Грайд усмехнулся. Увидев меня, знаком велел посмотреть на картину средних размеров, прислоненную к библиотечным полкам. Я вздрогнул от удивления и восхищения. Я никогда не видел полотна прекраснее — из неясного туманно-грозового далека, из ночи и пламени, навстречу зрителю шел обнаженный мужчина божественной красоты.
— Я пока не знаю, как назову эту картину, — жалобно произнес художник. — Этот образ преследует меня с раннего детства; он явился из сна, как музыка снизошла с небес на Моцарта и Гайдна.
— Вы мне должны триста фунтов, мистер Уортон, — ответил Грайд.
Юноша сцепил руки.
— А моя картина, мистер Грайд? Она стоит вдвое, втрое, вдесятеро дороже!
— Через сто лет, — равнодушно сказал Грайд. — Мне так долго не прожить.
Но мне показалось, что в его глазах мелькнул огонек, замутивший неизменный серо-стальной взгляд.
Восхищение или надежда на огромный доход в будущем?
Грайд заговорил:
— Мне жаль вас. Но в душе я питаю слабость к художникам. Я возьму картину за сто фунтов.
Художник хотел заговорить, но ростовщик остановил его.
— Вы уже должны триста фунтов, теперь ежемесячно будете выплачивать десять фунтов и подпишете вексель на ближайшие десять месяцев… Постарайтесь быть точным по истечении одиннадцати месяцев, мистер Уортон!
Художник закрыл лицо своими прекрасными руками.
— Десять месяцев! Десять месяцев отдыха и спокойствия для больной мамочки. Она живет на одних нервах, мистер Грайд. Теперь я смогу спокойно работать ближайшие десять месяцев…
Грайд взял вексель и добавил:
— Но, по вашим собственным словам, в картине кое-чего не хватает. За десять месяцев вы должны закончить ее и дать название.
Художник дал обещание, и картина заняла свое место на стене, над столом Грайда.
Одиннадцать месяцев истекли. Уортон не смог выплатить свой долг.
Он просил, умолял, но напрасно; Грайд приказал распродать имущество несчастного. Судебные исполнители нашли мать и сына, спящими вечным сном — в комнате пахло угарным газом.
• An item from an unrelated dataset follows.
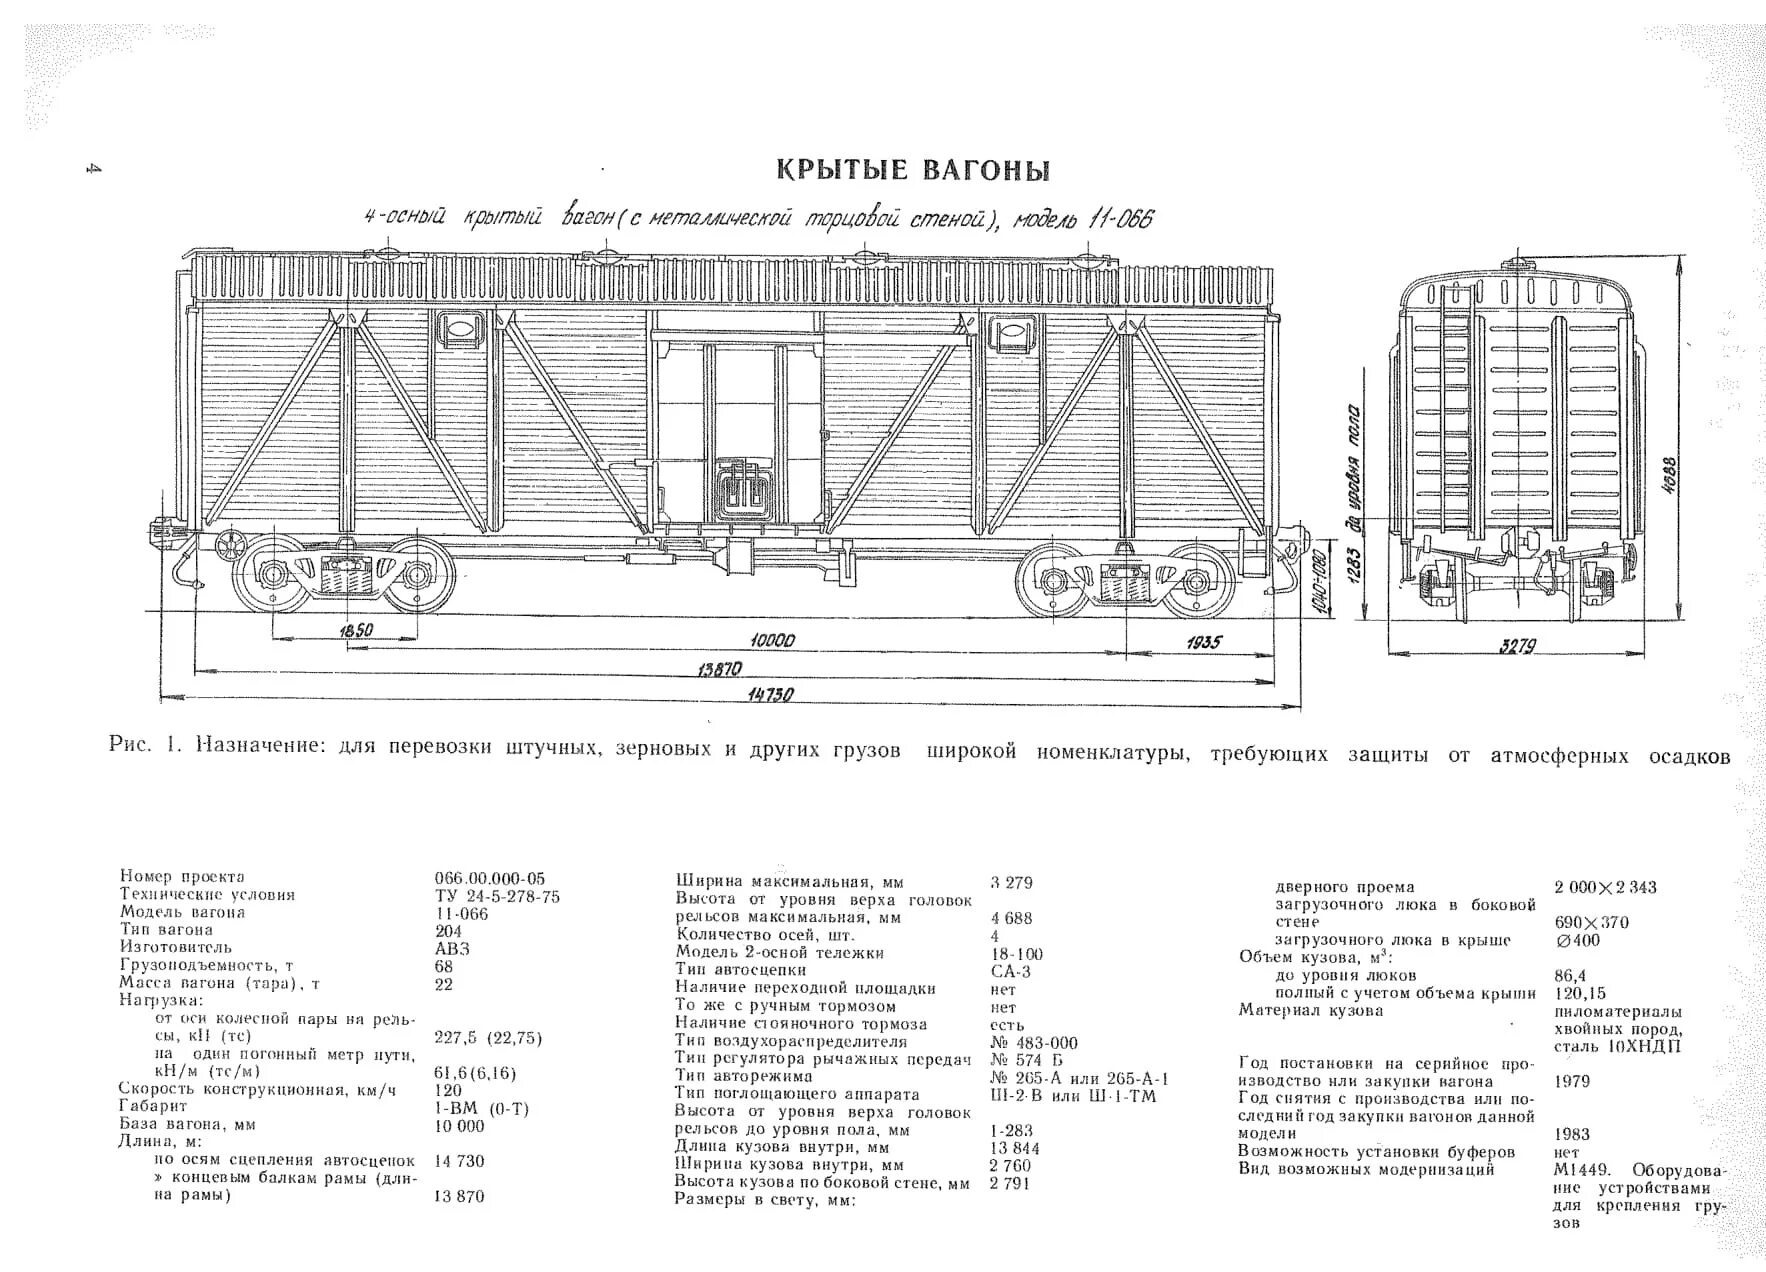 Какой длины железнодорожный вагон

На столе лежало письмо для Грайда.
«Я обещал придумать название для картины. Назовите ее „Отмщение“. Я сдержу свое слово и закончу ее».
Грайд выразил недовольство.
— Прежде всего, название не подходит, к тому же, как он ее теперь закончит?
Он бросил вызов аду.
Однажды утром я заметил, что Грайд невероятно возбужден.
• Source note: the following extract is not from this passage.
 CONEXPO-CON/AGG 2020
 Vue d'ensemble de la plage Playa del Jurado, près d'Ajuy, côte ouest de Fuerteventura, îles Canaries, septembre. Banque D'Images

— Посмотрите на картину, — закричал он, увидев меня. — Вы ничего не замечаете?
Я не заметил никаких изменений.
Мое заявление обрадовало его.
— Представьте себе… — начал он. Провел рукой по лбу, стер пот и тут же продолжил: — Это случилось вчера после полуночи. Я уже лег, как вдруг вспомнил, что оставил на столе важные документы. Встал, чтобы убрать их. Я легко ориентируюсь в темноте — в доме мне известен каждый уголок — и вошел в кабинет, не зажигая света. Луна хорошо освещала комнату. Когда я склонился над бумагами, что-то шелохнулось между окном и мною… Посмотрите на картину! Посмотрите на картину! Это галлюцинация. А я не подвержен… Мне кажется, он шевельнулся… Так вот! Этой ночью мне показалось — нет, я видел руку, которая высунулась из картины, чтобы схватить меня.